» What is required: The whole listing below needs to be duplicated exactly, pictures aside.

» Given data:
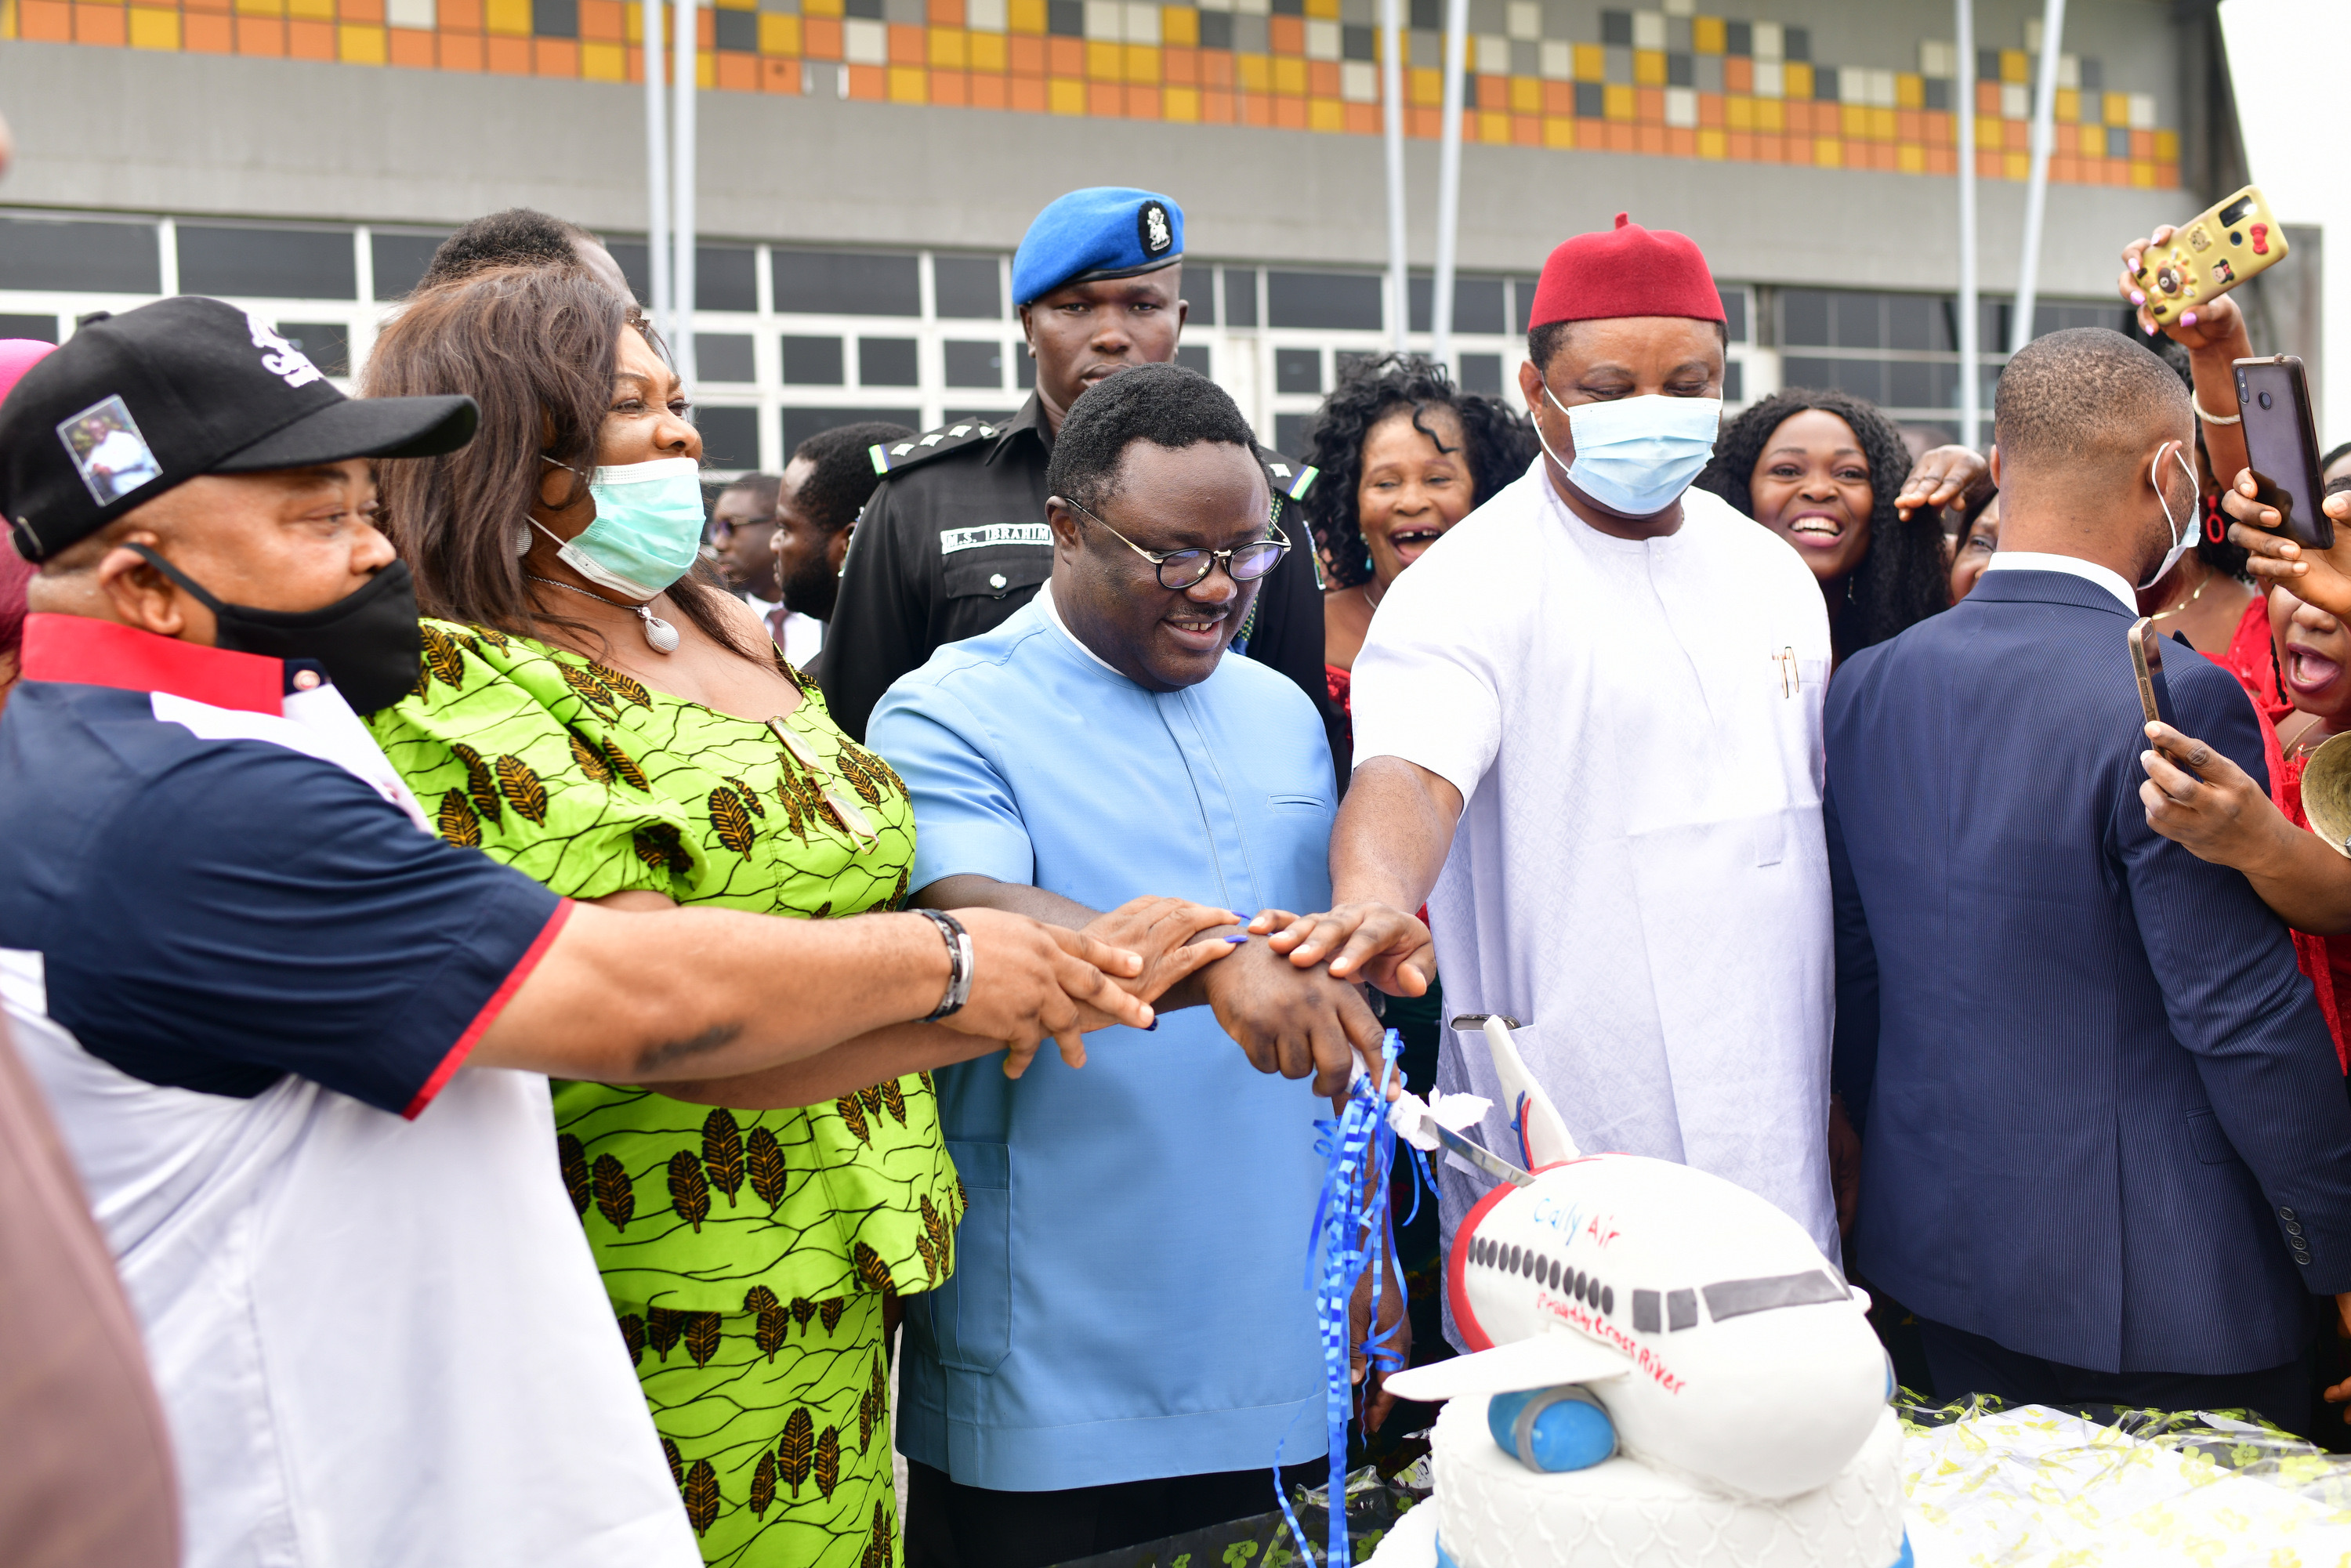 Cross River State Governor Sir Ben Ayade, (2nd R), his Chief of Staff, Hon. Martins Orim (1st R), the Secretary to State Government, Barr. Tina Agbor (2nd L) and the Commissioner for Aviation, RT Hon. Jake Otu Enya (1st R) in a symbolic cutting of cake to welcome Cally aircraft to the Margaret Ekpo International airport, Calabar - Monday (Credit: GHPC/Daniel Williams)
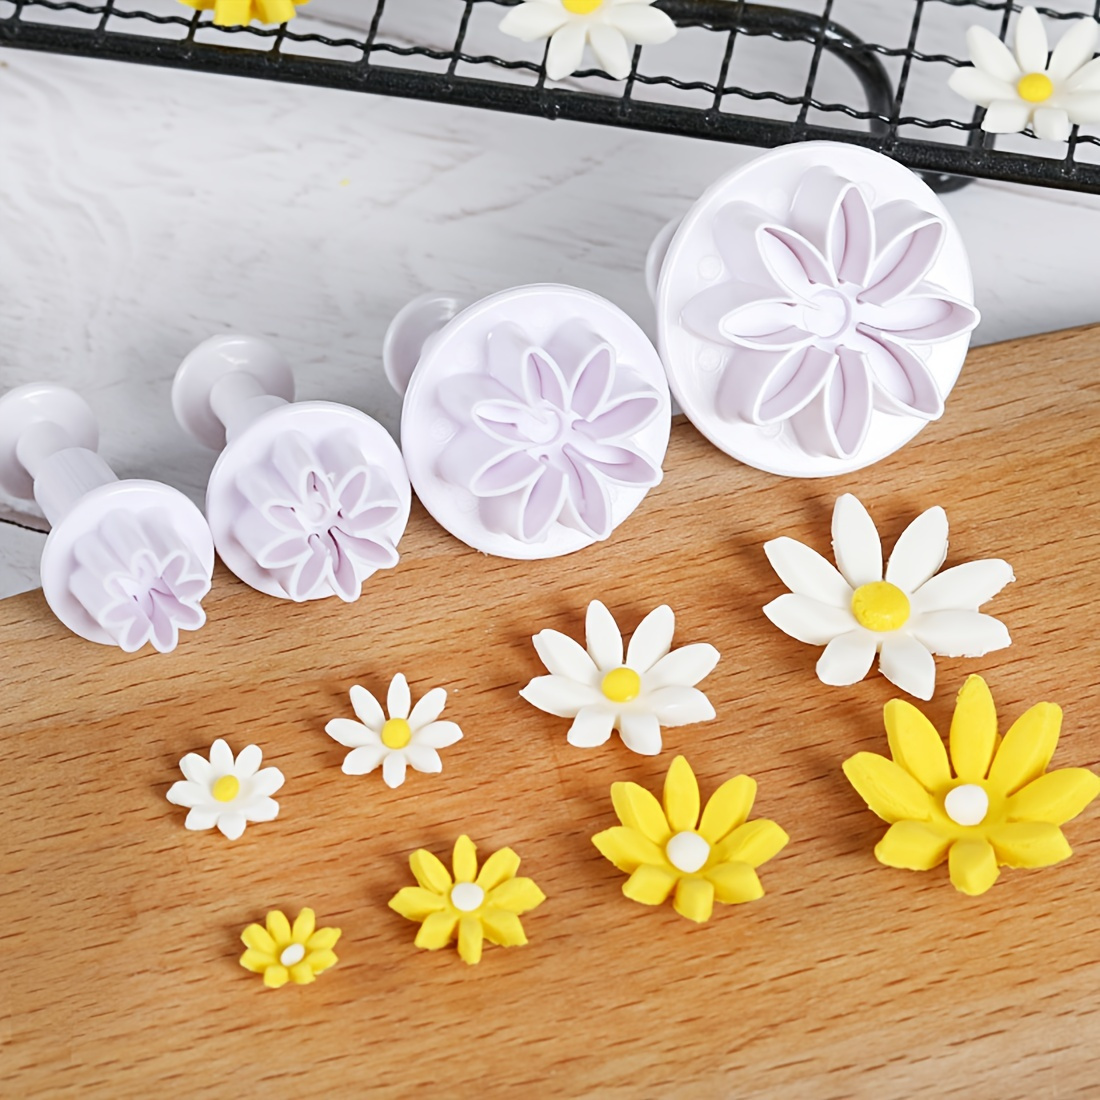 

4pcs Flower Shaped Fondant Molds For Diy Cake And Cookie Decorating - Perfect Baking Tools For Candy And Craft Projects
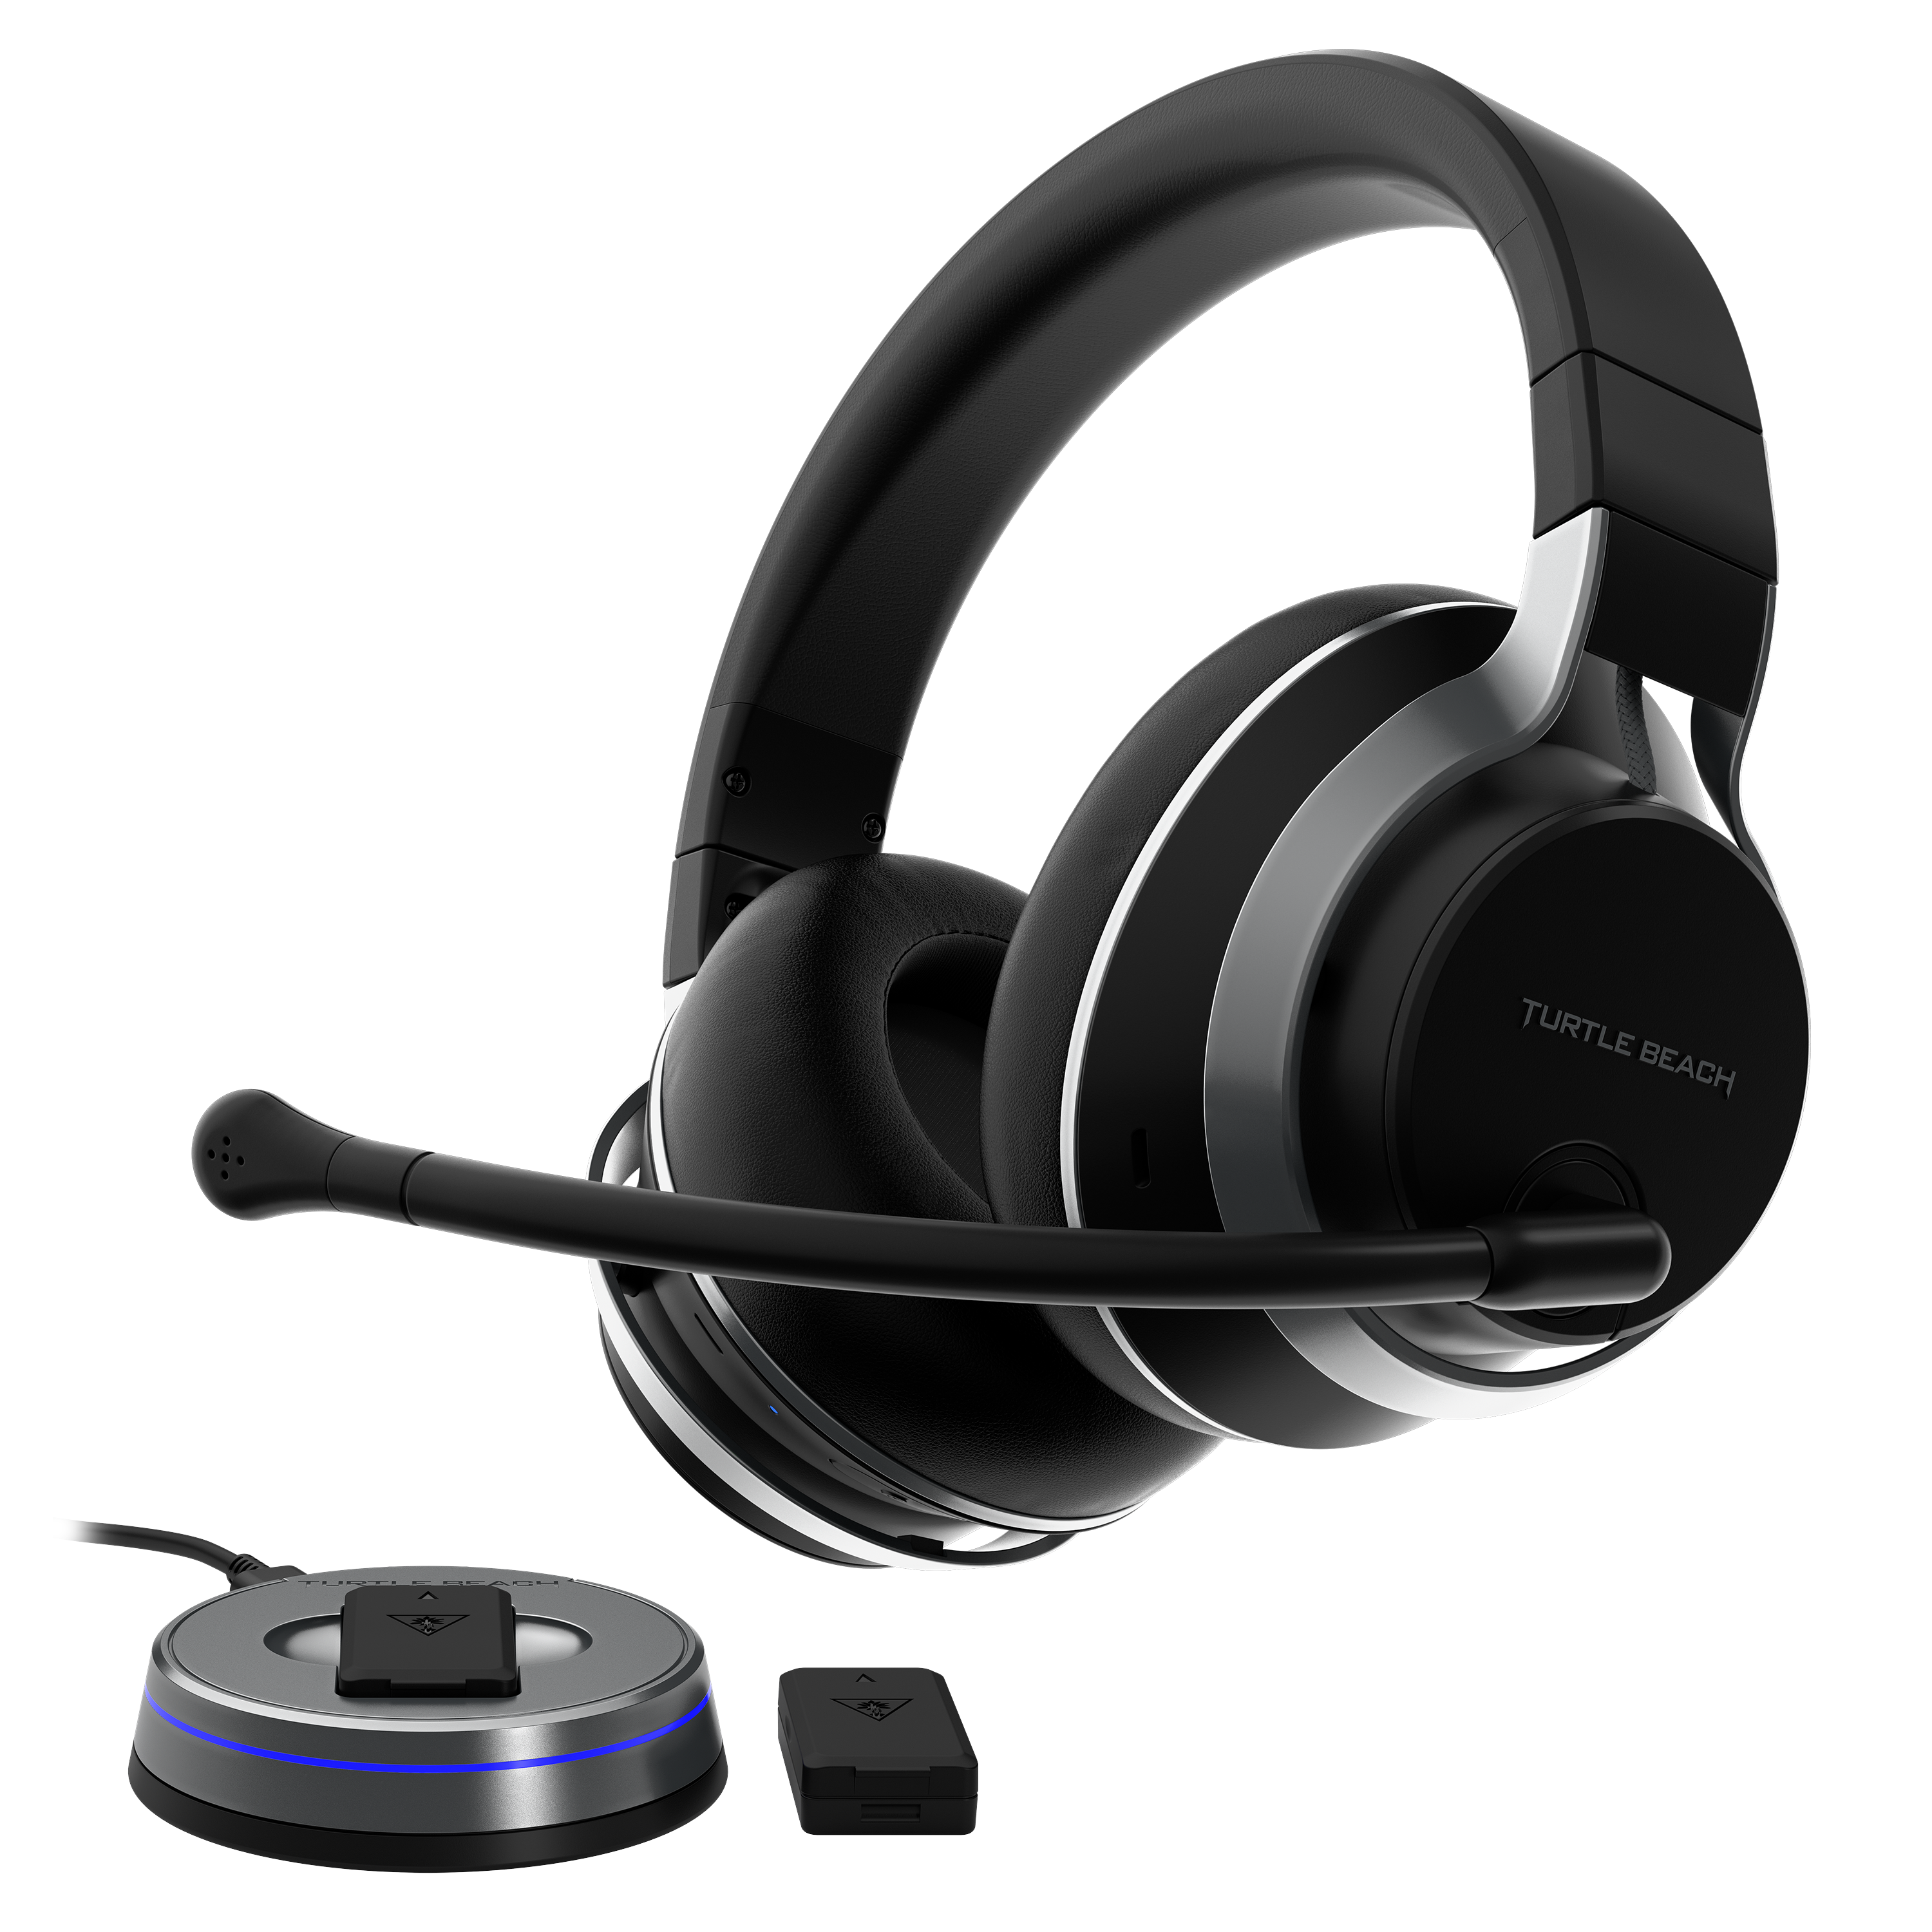 Turtle Beach Stealth Pro headset review

» Answer:
 Cross River State Governor Sir Ben Ayade, (2nd R), his Chief of Staff, Hon. Martins Orim (1st R), the Secretary to State Government, Barr. Tina Agbor (2nd L) and the Commissioner for Aviation, RT Hon. Jake Otu Enya (1st R) in a symbolic cutting of cake to welcome Cally aircraft to the Margaret Ekpo International airport, Calabar - Monday (Credit: GHPC/Daniel Williams)

4pcs Flower Shaped Fondant Molds For Diy Cake And Cookie Decorating - Perfect Baking Tools For Candy And Craft Projects
 Turtle Beach Stealth Pro headset review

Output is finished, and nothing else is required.